This study compared tripolar EEG (tEEG) with conventional EEG for decoding grasping movements in BCI systems, finding that tEEG achieved around 90% accuracy in binary classification and 75.97% in multiclass classification, outperforming standard EEG which reached up to 77.85% and 61.27%, respectively.

This study aims to enhance BCI applications for individuals with motor impairments by comparing the effectiveness of tripolar EEG (tEEG) with conventional EEG. The focus is on interpreting and decoding various grasping movements, such as power grasp and precision grasp. The goal is to determine which EEG technology is more effective in processing and translating grasp related neural signals. The approach involved experimenting on ten healthy participants who performed two distinct grasp movements: power grasp and precision grasp, with a no movement condition serving as the baseline.
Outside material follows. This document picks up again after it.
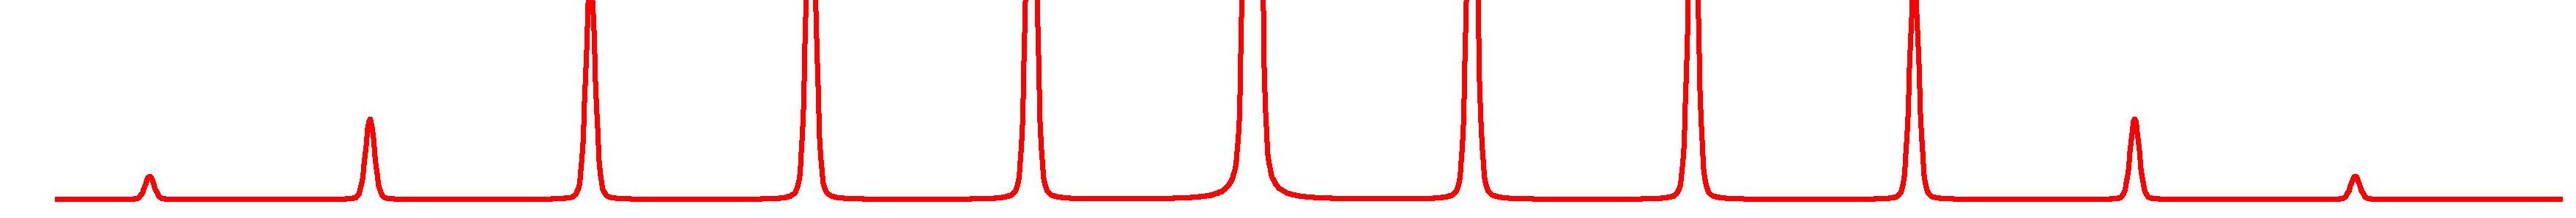 táblázat A nátrium-perjodát 3 Na MAS NMR szimulációjának paraméterei, valamint a szimulált és a mért spektrumok
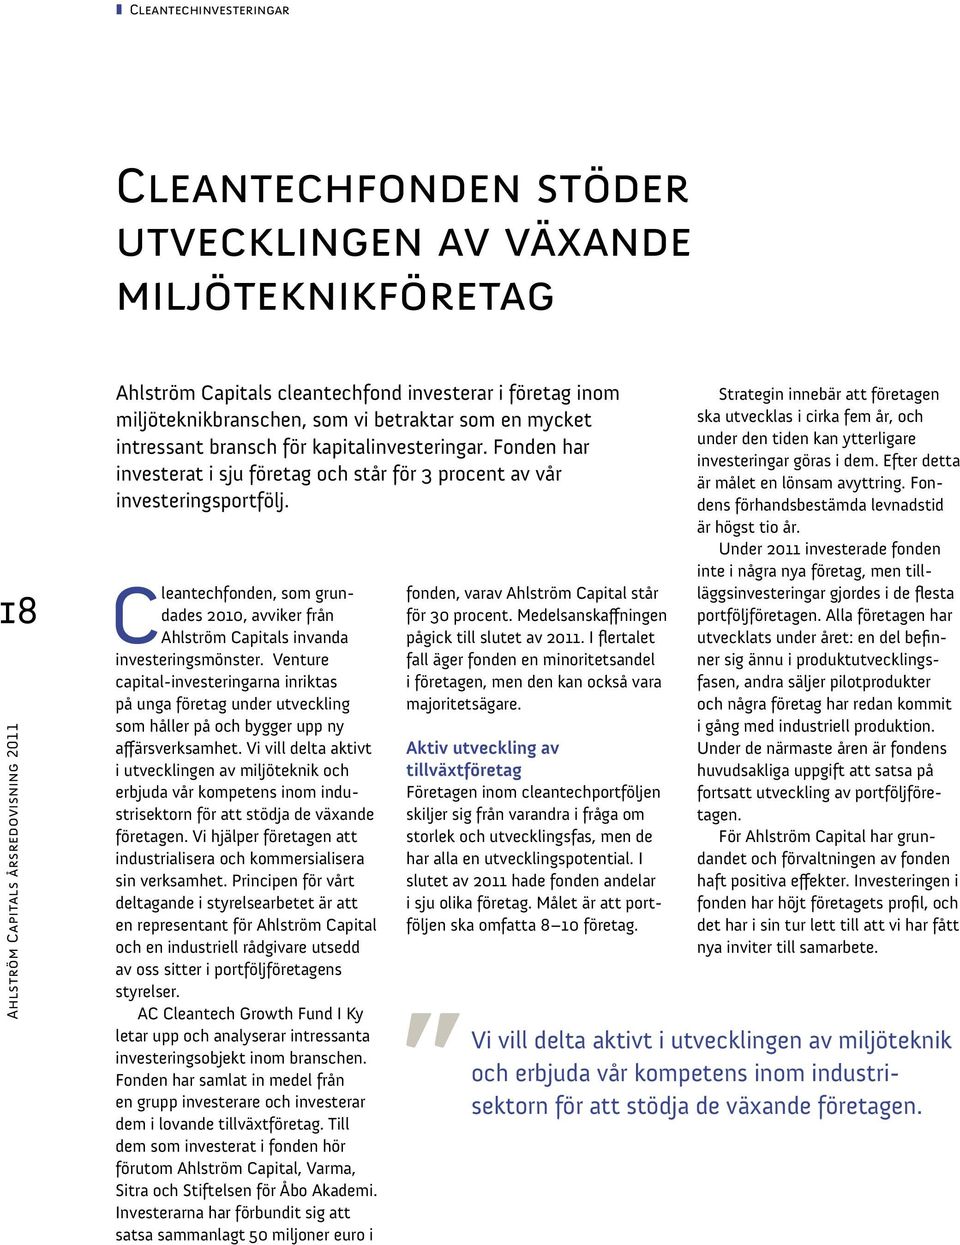 Cleantechfonden, som grundades 2010, avviker från Ahlström Capitals invanda investeringsmönster.

Our research presents a thorough comparison between EEG and tEEG in decoding grasping movements. This comparison spans several key parameters, including signal to noise ratio (SNR), spatial resolution via functional connectivity, ERPs, and wavelet time frequency analysis. Additionally, our study involved extracting and analyzing statistical features from the wavelet coefficients, and both binary and multiclass classification methods were employed. Four machine learning algorithms were used to evaluate the decoding accuracies. Our results indicated that tEEG demonstrated superior performance over conventional EEG in various aspects. This included a higher signal to noise ratio, enhanced spatial resolution, and more informative data in ERPs and wavelet time frequency analysis. The use of tEEG led to notable improvements in decoding accuracy for differentiating movement types. Specifically, tEEG achieved around 90% accuracy in binary and 75.97% for multiclass classification. These results are markedly better than those from standard EEG, which recorded a maximum of 77.85% and 61.27% in similar tasks, respectively. These findings highlight the superior effectiveness of tEEG over EEG in decoding grasp types and its competitive or superior performance in complex classifications compared with existing research.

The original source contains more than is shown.